Of course, I’m going to be biased. As a writer and editor, words are my bread and butter. I slice sentences, I spread social consciousness through scripts. Yet recently, I’ve been told: “Your job? Algorithms can do that. They just research all the relevant information, put the text together and voila! There’s no reason AI won’t be able to write an article with fewer errors and faster than you do.”
That sounds kind of amazing, simply because there are some days I’d rather binge-watch Black Mirror and not smash my keyboard trying to find synonyms for “delicious” or “picture-perfect”, or get a message from a certain editor-in-chief asking if I had meant to say “intensive” instead of “incentive”. Oh, what a blender — excuse me, blunder.
With a machine, however, all users need to do is “feed” it with clear structured data that can be parsed into “variables”. You can create syntactic paths on any topic, for example “[Restaurant] earned [#] Michelin [star/stars] last night”, and robot reporters can fill in the blanks with the appropriate information for the applicable winner. It becomes like a game of AI-enabled ad-libs.

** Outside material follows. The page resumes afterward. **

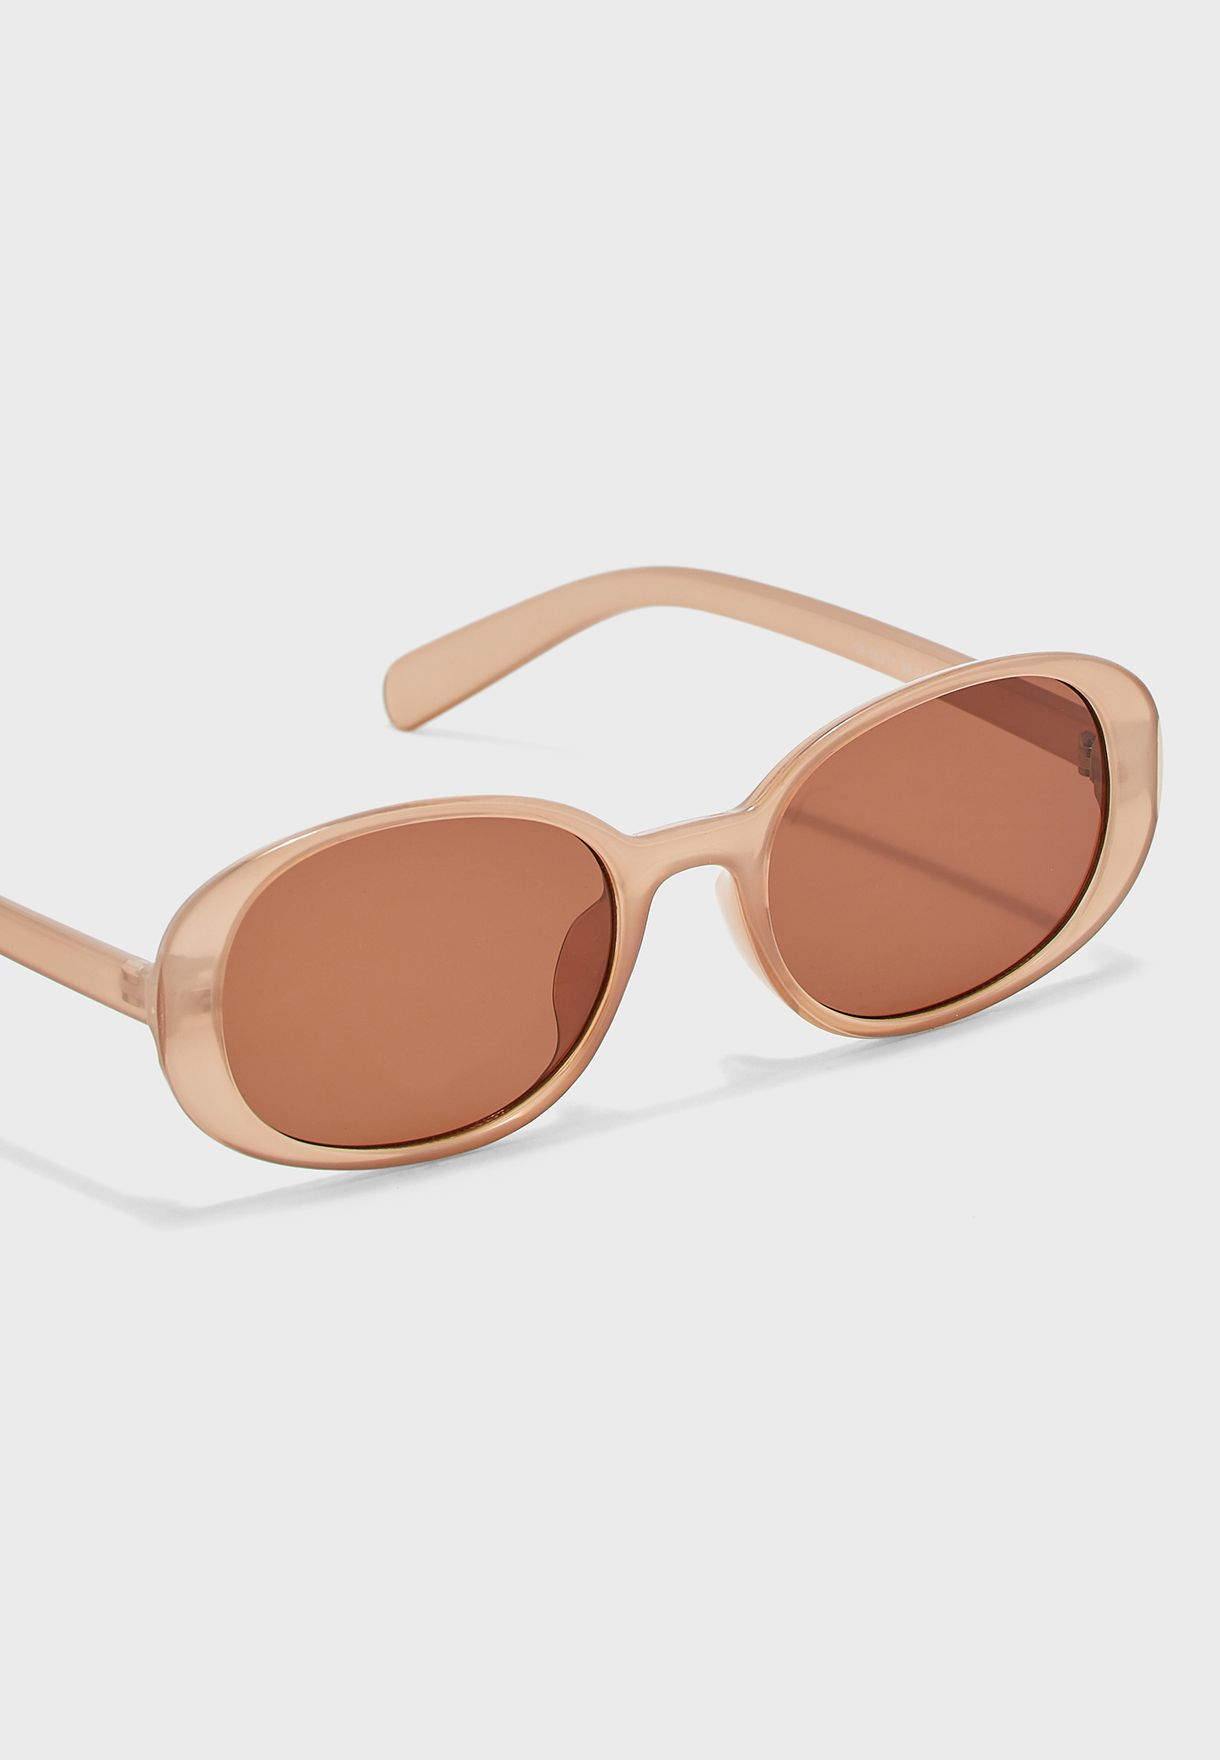 Retro Oversize Sunglasses

As early as 2014, some multinational news agencies like Associated Press (AP) started generating such automated content. The news giant is known to produce thousands of AI-written stories on corporate financial results specifically using the Wordsmith platform by Automated Insights. As Philana Patterson, then-assistant business editor at AP, said, the automation of financial quarterly reports freed up about 20 percent of editors’ time, so they could focus on other tasks. And surprisingly, nobody lost their jobs. Journalists who used to write those dry quarterly earnings articles had more opportunities to pursue more critical analyses, unique angles and deeper interviews.
Beyond statistical accuracy, one of the biggest selling points for automated reporting is speed. “To be very frank, I’m quite open to this idea. At the rate that a lot of digital publications are publishing these days, I completely understand the need to be the first and the fastest,” says Julian Wong, managing editor of Asia’s Rice Media.
At peak performance, AI can create an estimated 2,000 articles per second. Moreover, and in contrast to traditional media, which seeks to publish limited stories with high calibre and broad appeal, automated reporting looks to publish many stories with varying yet specific target audiences. In a press release, Automated Insights emphasised: “Instead of writing one story and hoping a million people read it, Wordsmith can create a million satires targeted at individual users and their preferences. It’s a story that is totally unique to each user because it is powered by their data.”
However, like I said, I’m biased. And it’s dangerous to believe that technology is spared from being biased as well. Darren Ho, editor-in-chief of horology magazine, Revolution, explains: “AI is powered by algorithms and as we’ve seen, coding and algorithm design biases exist as much as personal or unconscious bias. Algorithm biases are to some extent even more dangerous and fuel personal biases even further. Any number of good examples exist, from Facebook and Instagram’s algorithmically-augmented feeds to search engines. These are constructed to feed your interest in a particular subject, but nobody is perpetually focused on a singular subject. The result? We have a more divided public in a closed feedback loop, thinking everyone shares the same opinions as they do. That is dangerous.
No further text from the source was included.